La critique de l'état de fait retenu est soumise au principe strict de l'allégation énoncé par l'art. 106 al. 2 LTF (ATF 140 III 264 consid. 2.3 et les références citées). La partie qui entend attaquer les faits constatés par l'autorité précédente doit expliquer clairement et de manière circonstanciée en quoi ces conditions seraient réalisées (ATF 140 III 16 consid. 1.3.1 et les références citées). Si elle souhaite obtenir un complètement de l'état de fait, elle doit aussi démontrer, par des renvois précis aux pièces du dossier, qu'elle a présenté aux autorités précédentes, en conformité avec les règles de la procédure, les faits juridiquement pertinents à cet égard et les moyens de preuve adéquats (ATF 140 III 86 consid. 2). Si la critique ne satisfait pas à ces exigences, les allégations relatives à un état de fait qui s'écarterait de celui de la décision attaquée ne pourront pas être prises en considération (ATF 140 III 16 consid. 1.3.1).
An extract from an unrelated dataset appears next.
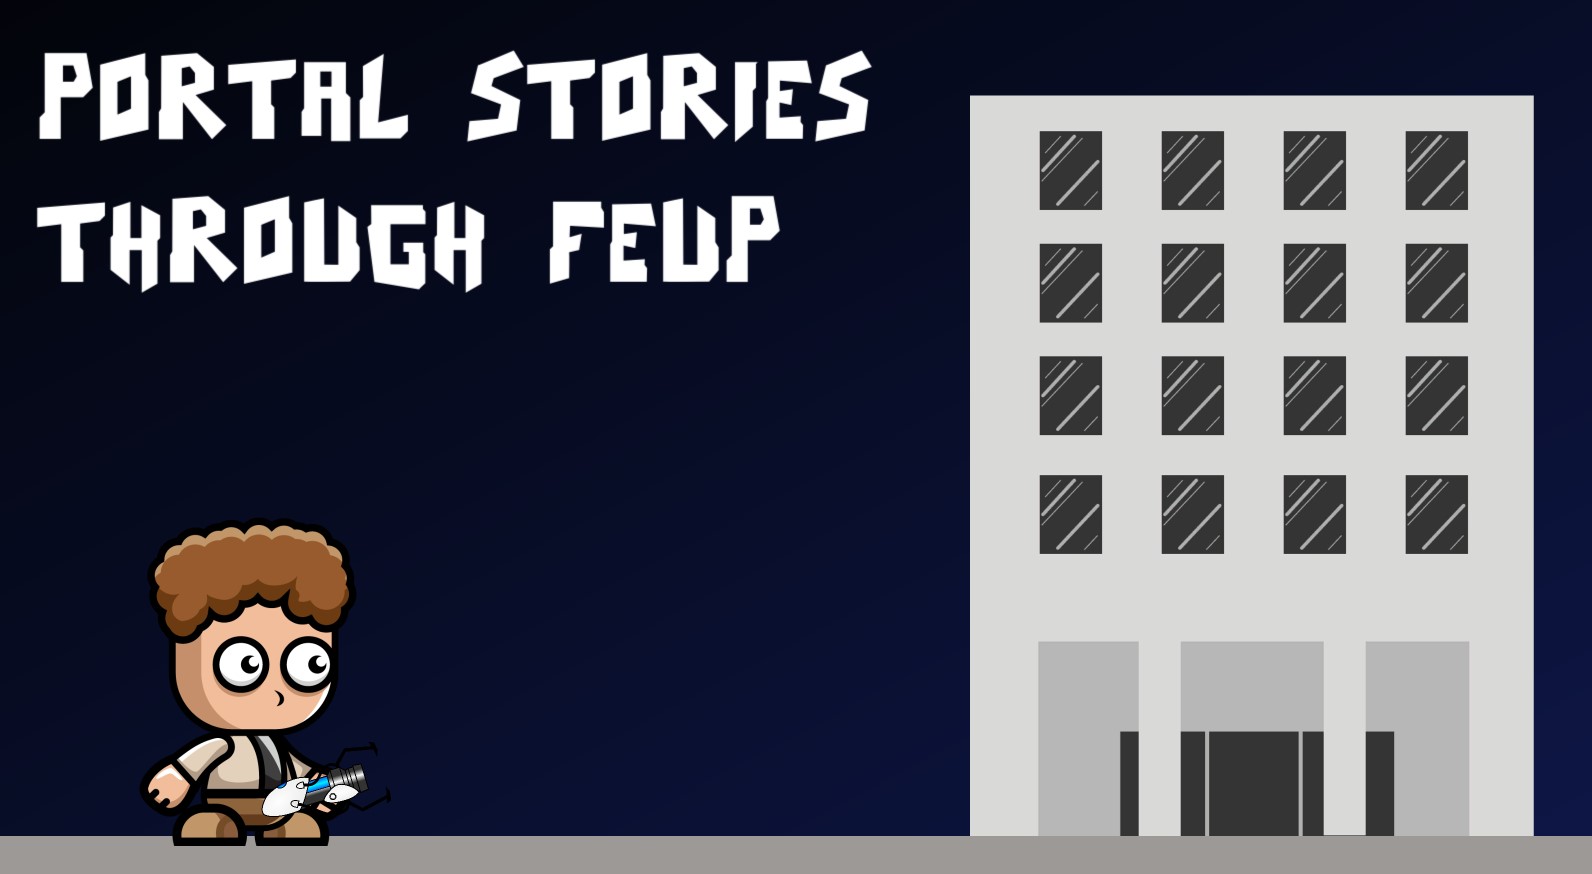 Portal Stories: Through FEUP

Les critiques de nature appellatoire sont irrecevables (ATF 130 I 258 consid. 1.3). 
 
2.2. Le Tribunal fédéral applique en principe d'office le droit (art. 106 al. 1 LTF) à l'état de fait constaté dans l'arrêt cantonal (ou à l'état de fait qu'il aura rectifié). Cela ne signifie pas que le Tribunal fédéral examine, comme le ferait un juge de première instance, toutes les questions juridiques qui pourraient se poser. Compte tenu de l'obligation de motiver imposée par l'art. 42 al. 2 LTF, il ne traite que les questions qui sont soulevées devant lui par les parties, à moins que la violation du droit ne soit manifeste (ATF 140 III 115 consid. 2, 86 consid. 2).  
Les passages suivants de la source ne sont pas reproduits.